Erik Satie and Claude Debussy were friends (usually) and contemporaries; both were turn-of-the-(20th)-century French composers who stretched the possibilities of sound and listening. Debussy’s piano music is highly imagistic, a musical version of the Symbolist poetry movement he found so inspiring; Satie’s is more oblique, suggesting moods rather than images, though occasionally he evoked visuals with such headscratcher titles as “Three Pieces in the Form of a Pear” (of which there are seven) and Embryons desséchés (Dessicated embryos).

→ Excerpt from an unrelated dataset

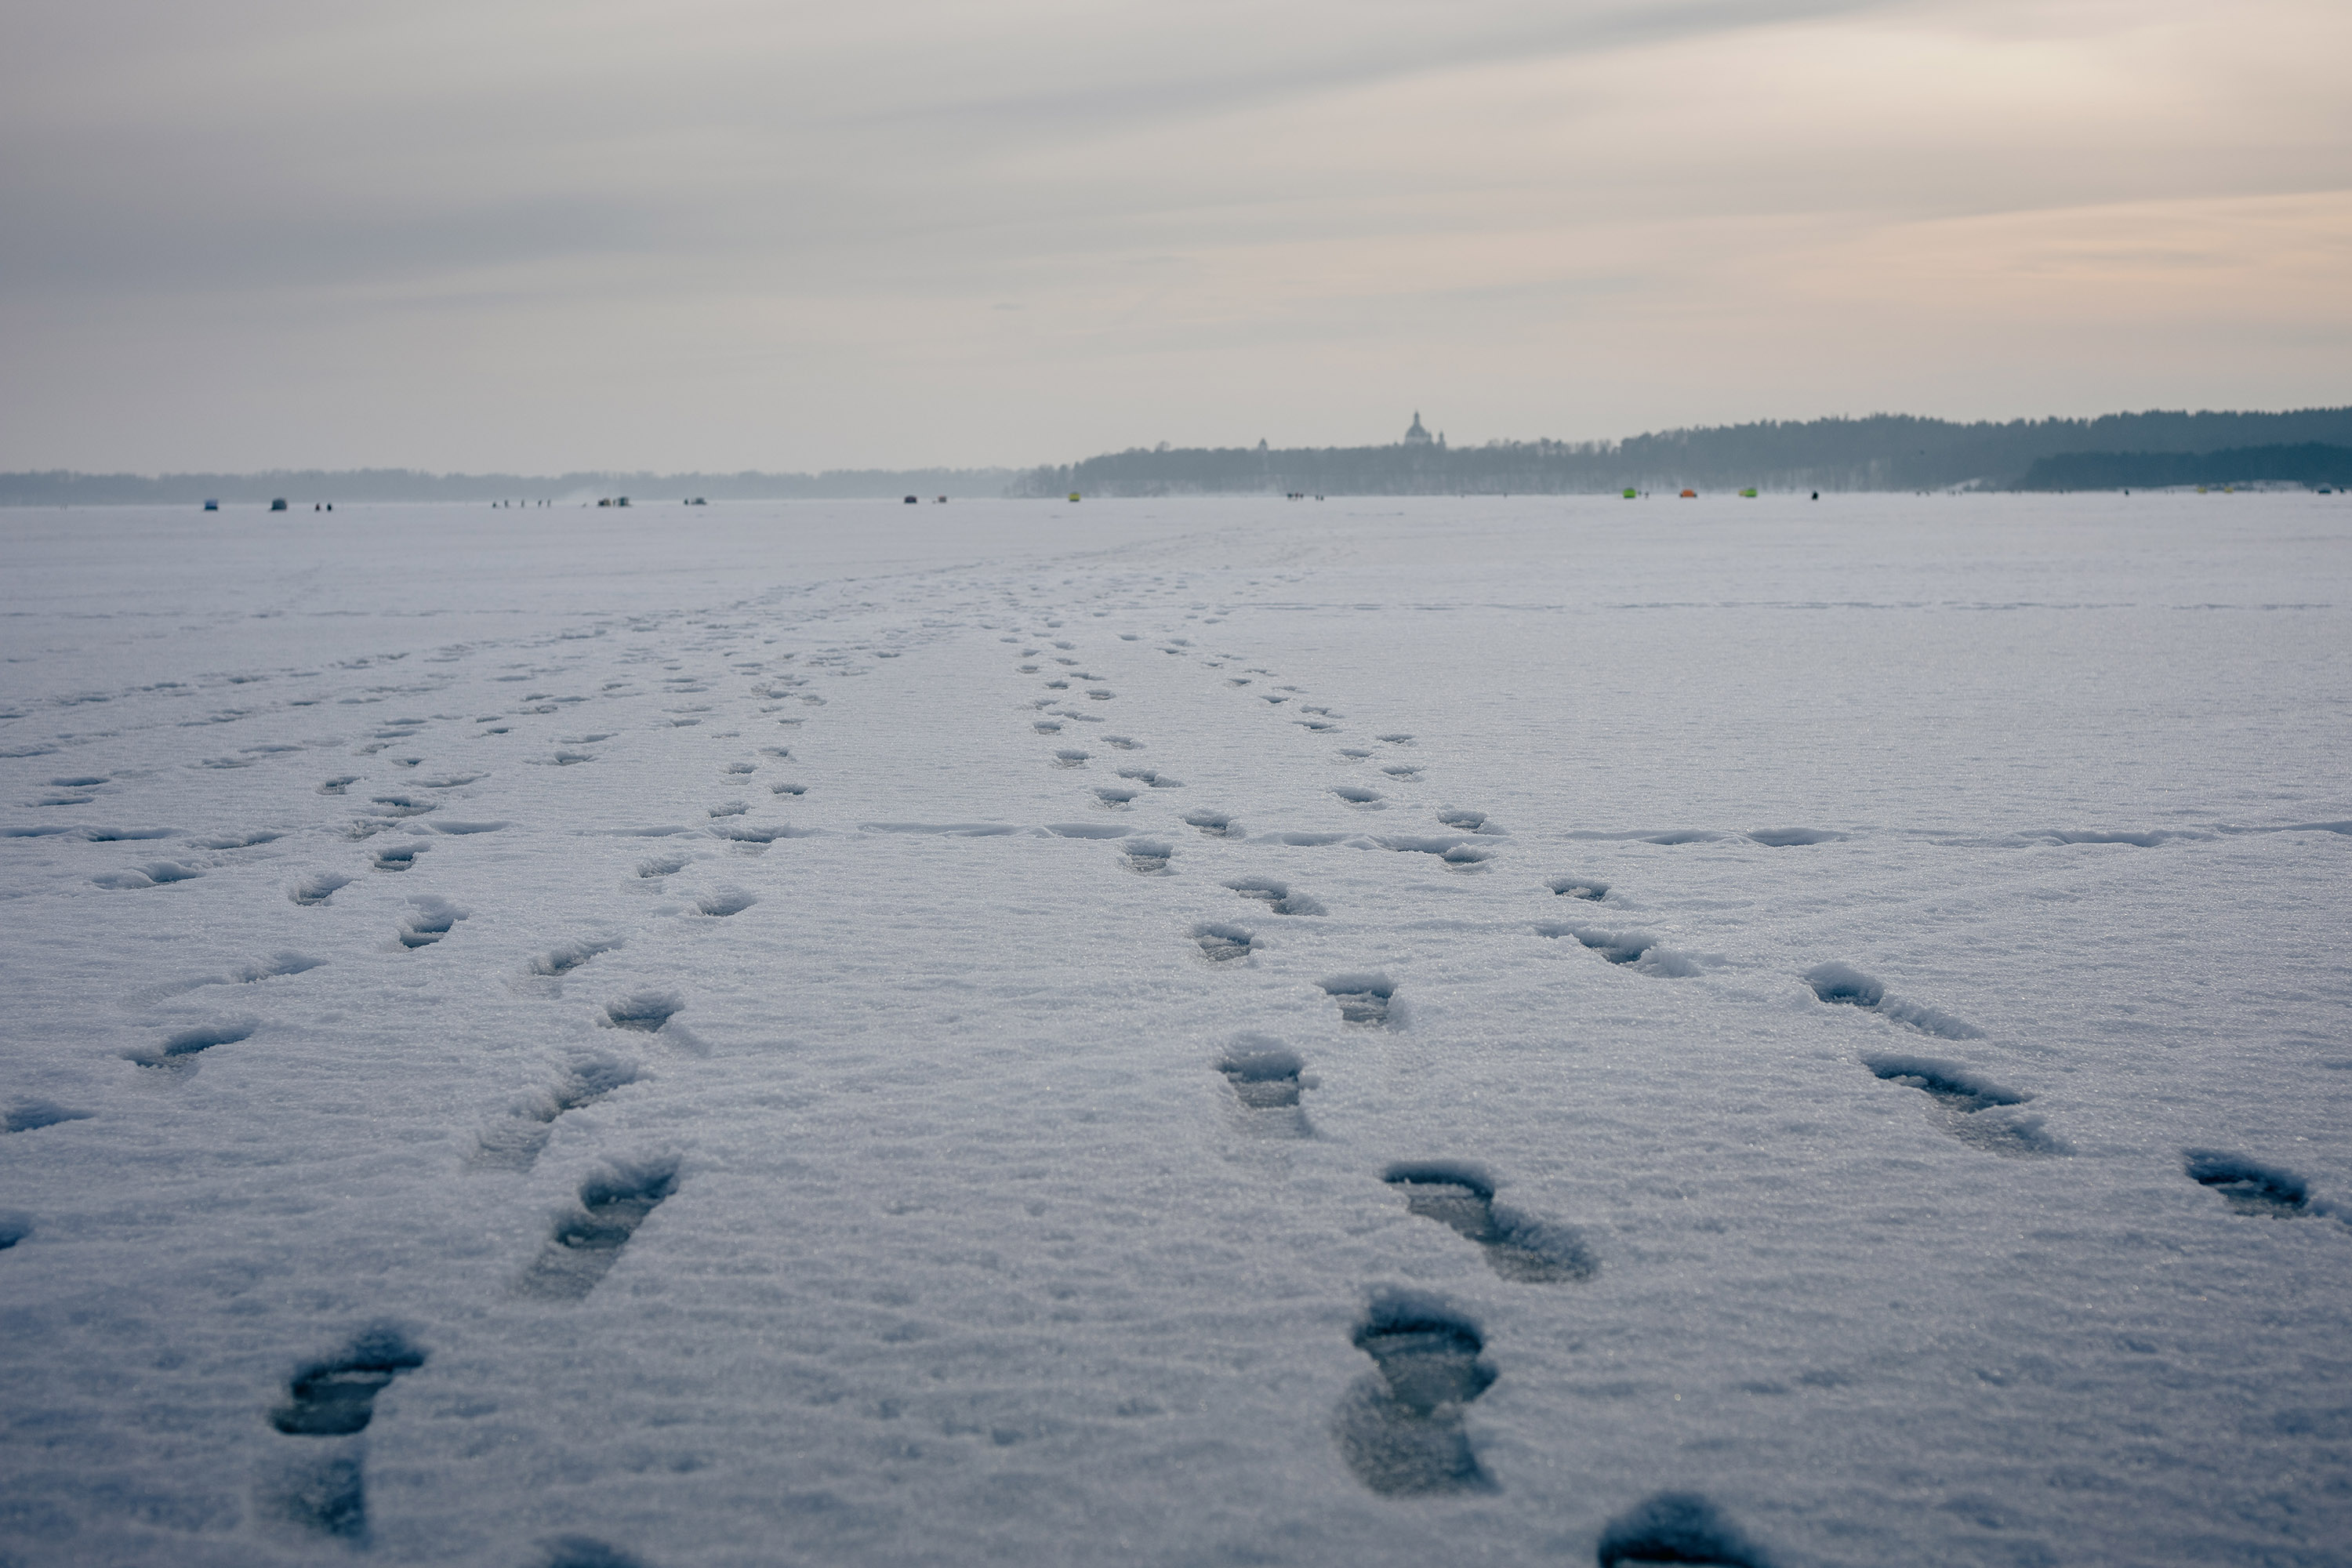 Footsteps on frozen lagoon - Contarex 50mm f2

Alexei Lubimov’s recent late-night recital at the Mostly Mozart Festival alternated rippling, dappled notes of Debussy with the playful simplicity of Satie’s music, contrasting vivid Debussyan images with the static yet aimless wandering of Satie’s rarely-performed piano works.

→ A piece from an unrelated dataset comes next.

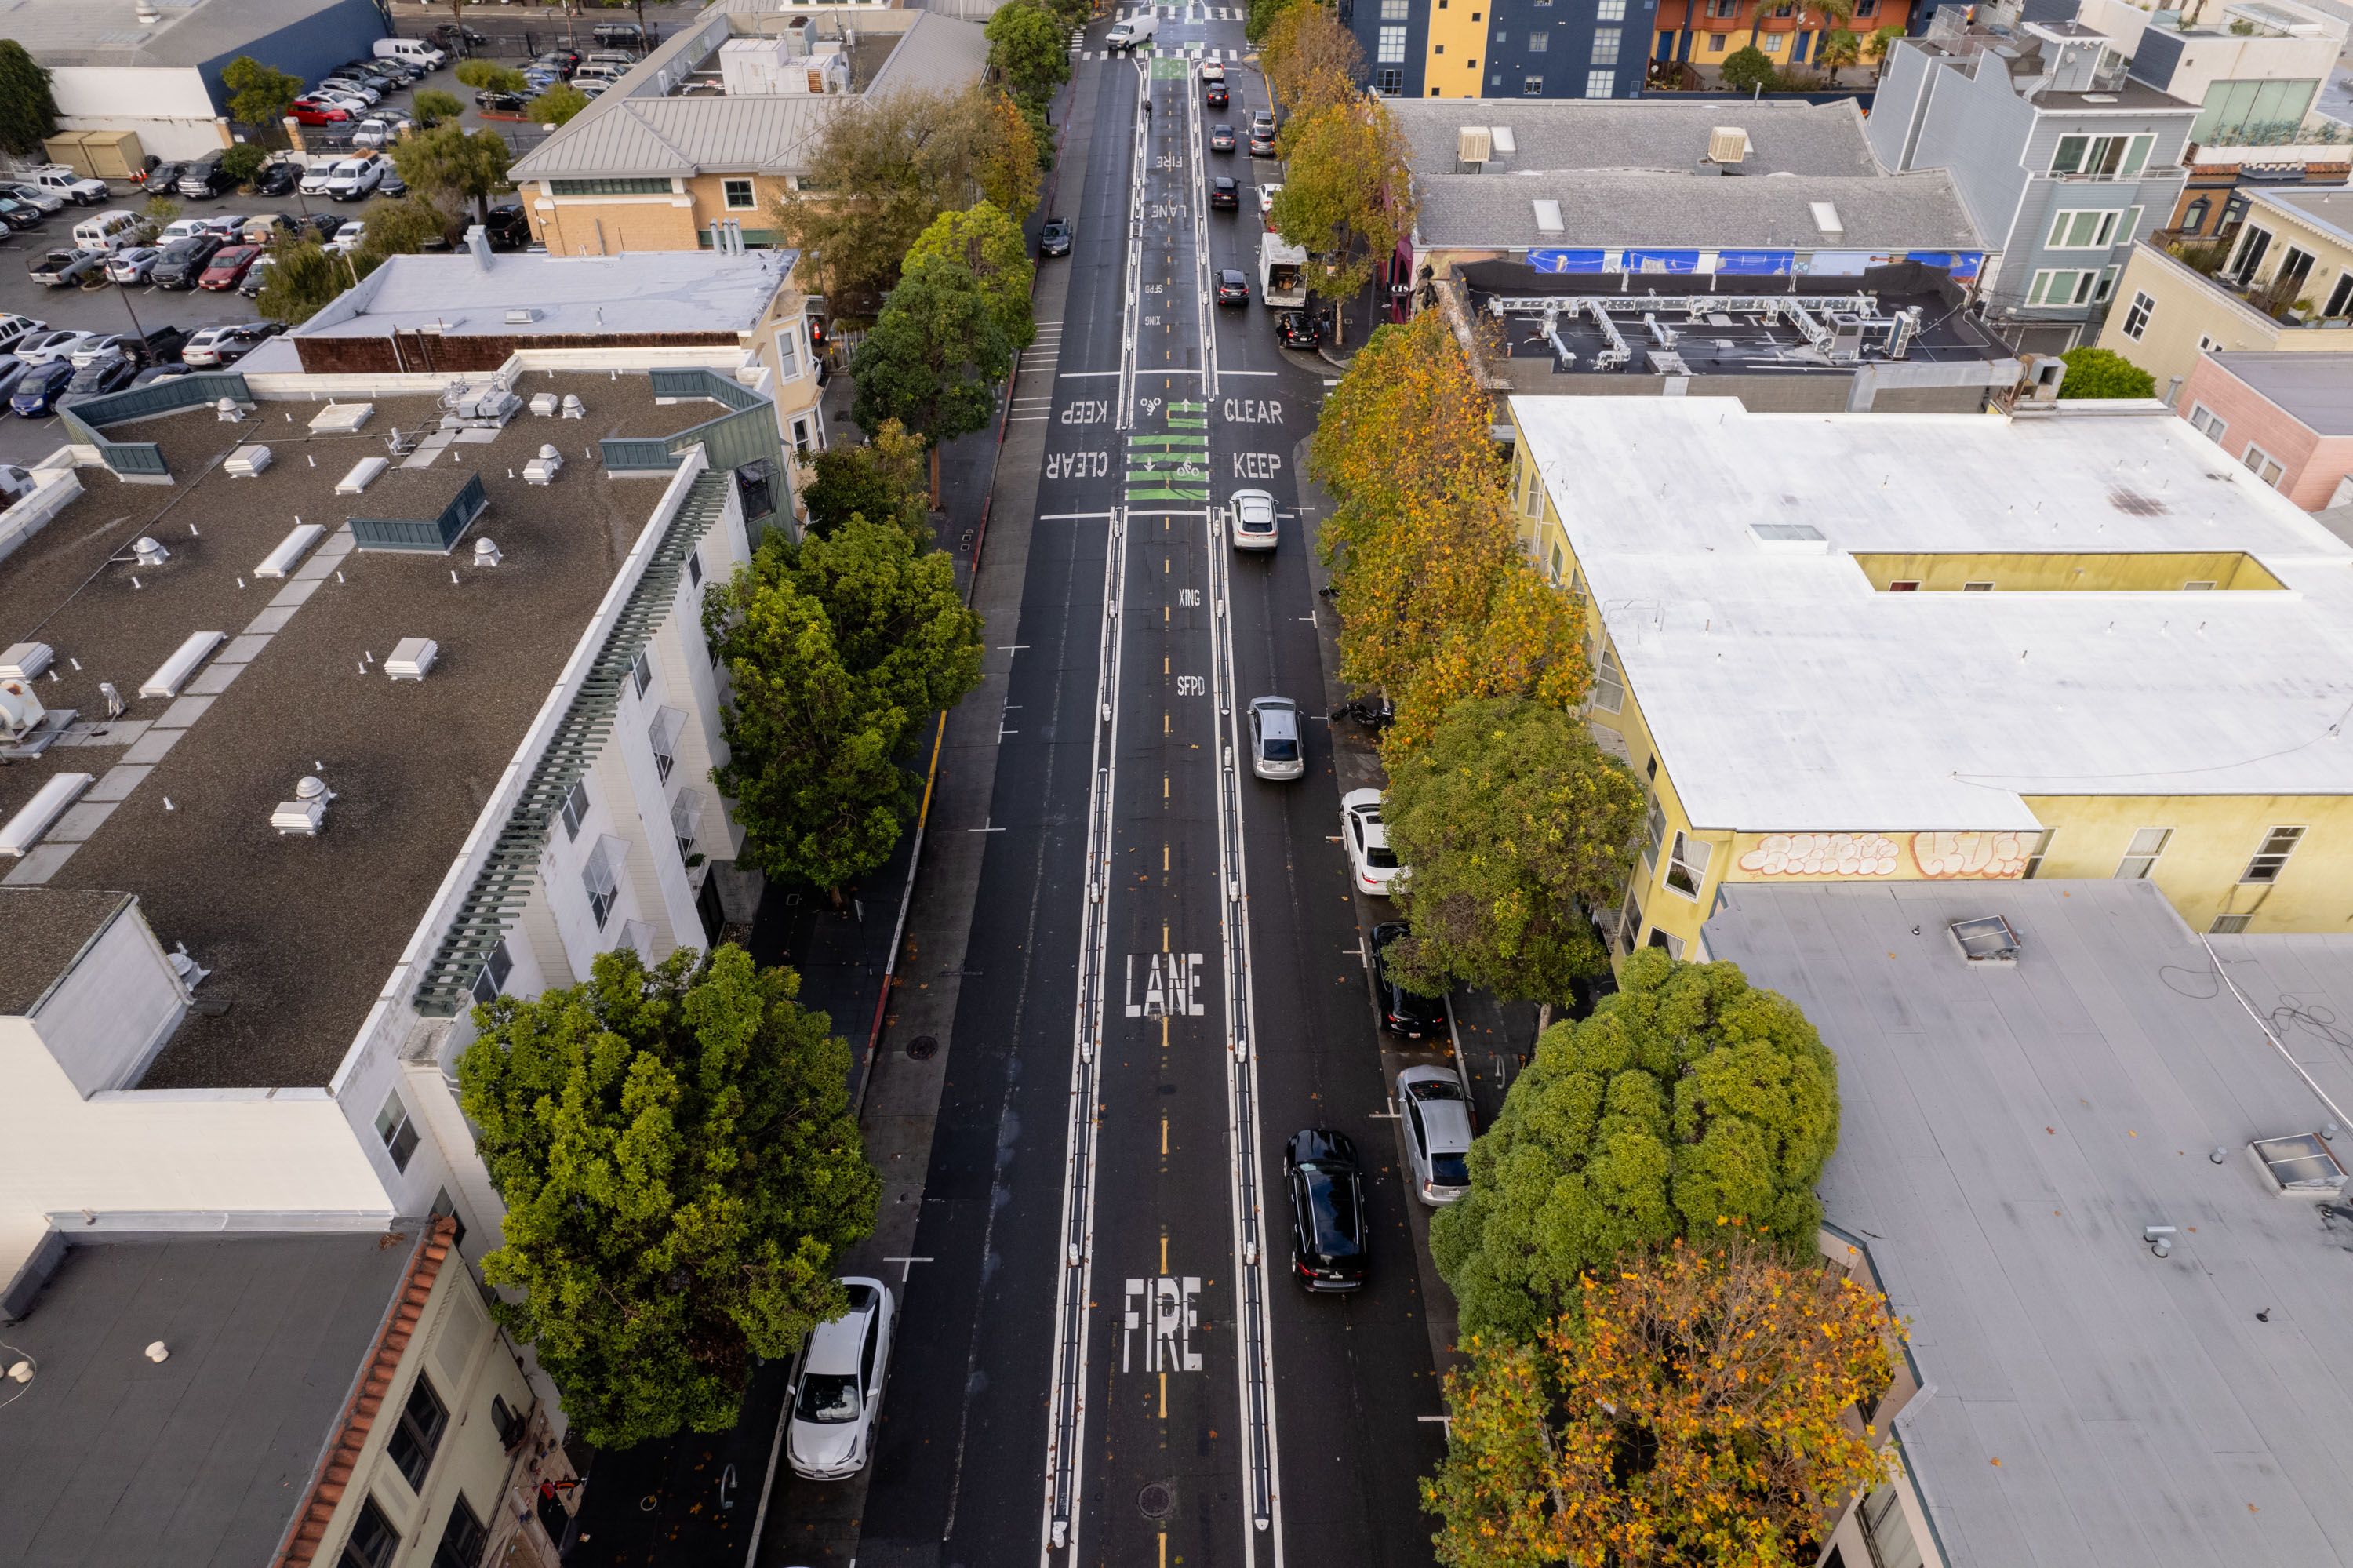 An aerial view of a two-lane road lined with trees and parked cars, flanked by buildings on both sides, with road markings indicating "LANE FIRE," and "KEEP CLEAR."

Mr Lubimov was most convincing in his deadpan delivery of several underrated Satie works, beginning with the delightful early works Prelude to Act I of Le fils des étoiles and Gymnopédie no. 1. This Gymnopédie (so named because Satie thought of himself as more of a “gymnopedist” than a composer) has accompanied many movie protagonists as they walk down sidewalks (often in a drizzling rain) contemplating a life-changing event and where to go from there. It was more than refreshing to hear the notes emanating from the skillful fingers of Mr Lubimov rather than a screen. With ever-so-slight syncopations – or, rather, graceful misalignments – between the left hand and right hand, Mr Lubimov managed to capture the happy-yet-melancholy, playful-yet-serious essence of Satie.
More playful than serious were the excerpts from Sports et Divertissements, during which Mr Lubimov was joined by the equally deadpan speaker Thomas Meglioranza as narrator of Satie’s series of unfortunate, outlandish games. “I suggest you turn its pages with a tolerant thumb and with a smile, for this is a work of pure whimsy,” Mr Meglioranza said by way of preface before immediately diving into the “Choral inappétissant”. (To be played “crabbed and cantankerous... on an empty stomach.”) Thankfully Mr Lubimov made no attempt to dress up the truly awful chorale, best described as Satie vomiting up Bach, letting its mordant wretchedness shine through. The other sports (La chasse, Le yachting, Le bain de mer, etc.) were just as ironic, though more fluid and pleasing to the ear. In a lovely programming feature, Satie’s existential Feux d’artifice (the final “sport”) contrasted with the smoky swirls of Debussy’s Feux d’artifice.